- Born: June 21, 1990 (age 36)

Gymnastics career
- Discipline: Women's artistic gymnastics
- Country represented: Canada
- Gym: Oakville Gymnastics Centre
- Medal record
Pan American Championships
| Bronze medal – third place | 2005 Rio de Janeiro | Team |
Pacific Rim Championships
| Bronze medal – third place | 2006 Honolulu | Team |

= Aisha Gerber =

Canadian artistic gymnast

Aisha Gerber (born June 21, 1990) is a world-class Canadian artistic gymnast.

Starting as a member of the Cambridge Kips gymnastics club at the age of three, Gerber was coached by former Soviet Olympic champion Elvira Saadi and Vladimir Kondratenko. Now a member of the Oakville Gymnastics Club, she is currently coached by Kelly and Sue Manjak (Kelly Manjak coached Kyle Shewfelt to his gold medal on floor at the 2004 Olympics). Gerber began competing at the national level in 2000, placing second in the novice division at the Canada Elite meet. In 2001, she won the novice division; in 2002 she became the Canadian junior national champion.

In 2003, at the age of thirteen, Gerber began competing internationally for Canada, placing 22nd at the Massila Cup. Over the next three years, Gerber represented Canada at various meets at home and abroad, including the 2005 Pan Am Championships where she was a member of the bronze medal-winning junior team.

Gerber made an impressive senior debut, winning a bronze medal behind Nastia Liukin and Shayla Worley at the 2006 American Cup. Beset by illness, she missed the 2006 Commonwealth Games, but returned to competition at the 2006 Pacific Alliance Championships in Hawaii in April, helping the Canadian women achieve a third-place finish in the team finals.
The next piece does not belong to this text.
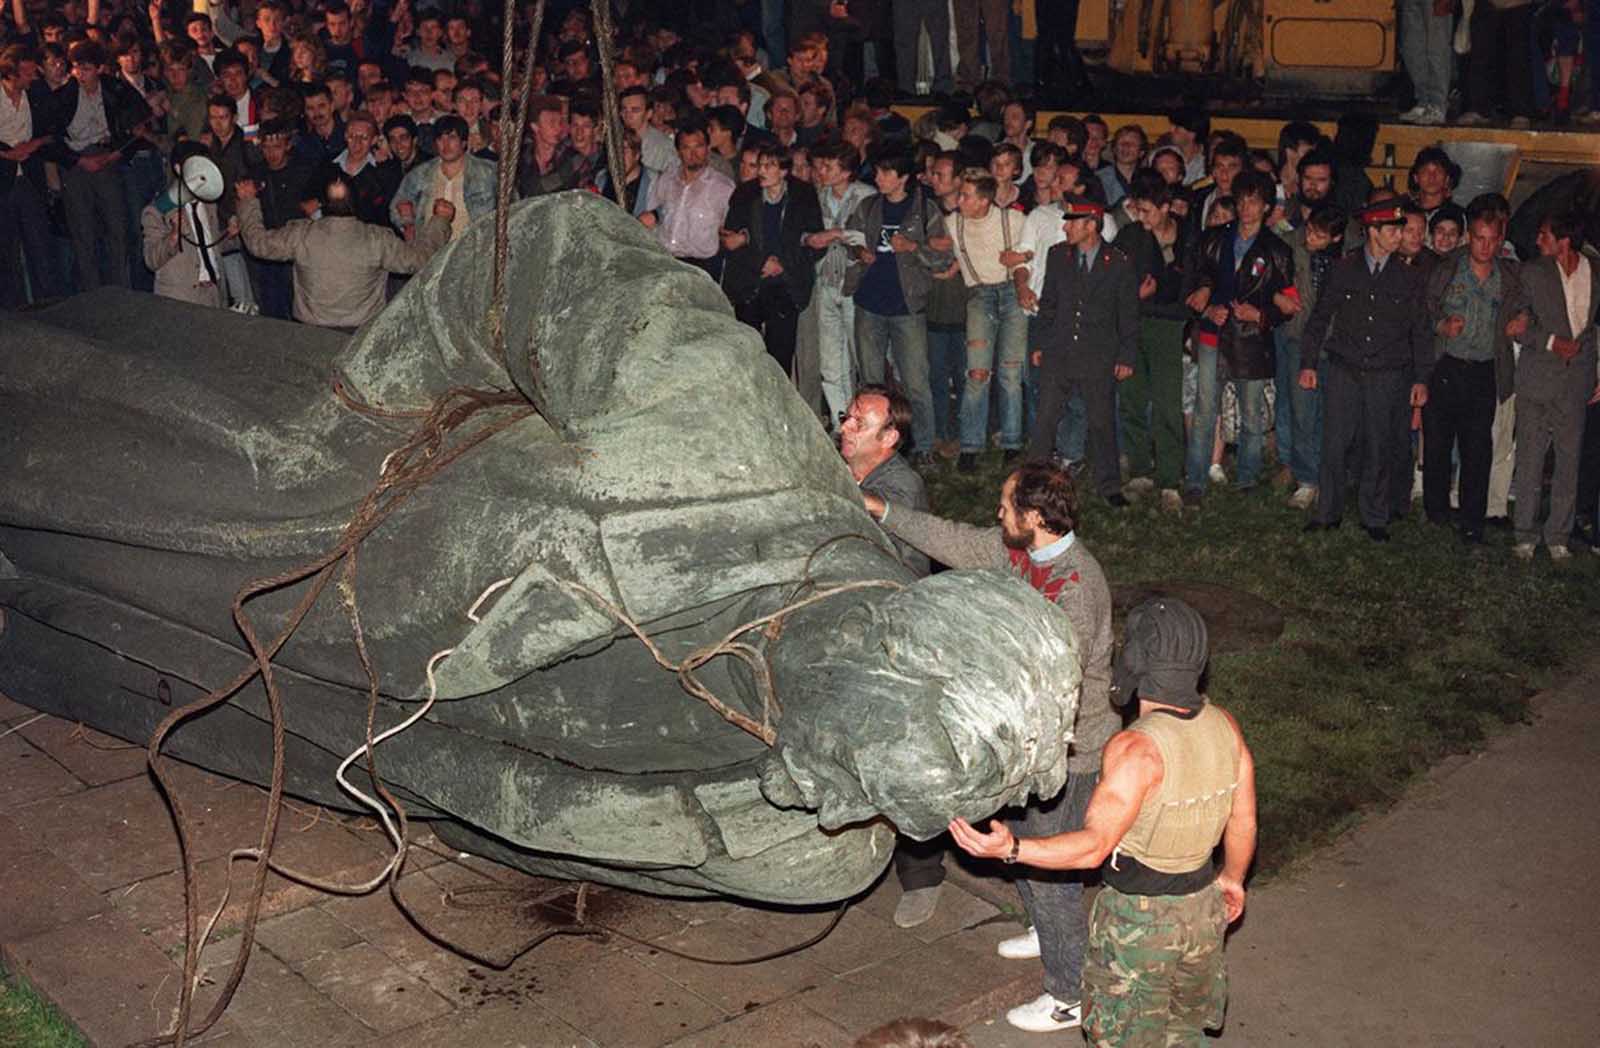 A crowd watches the statue of KGB founder Dzerzhinsky being toppled in Lubyanskaya Square in Moscow, on August 22, 1991.

She went on to compete at the World Cup finals in Ghent, placing fifth on the floor exercise and sixth on the balance beam.
Her expressive floor exercise routine, set to music by Dire Straits, has attracted attention and praise from many commentators and members of the gymnastics community.

Gerber competed in the NCAA for UCLA. Gerber is now retired from competitive gymnastics.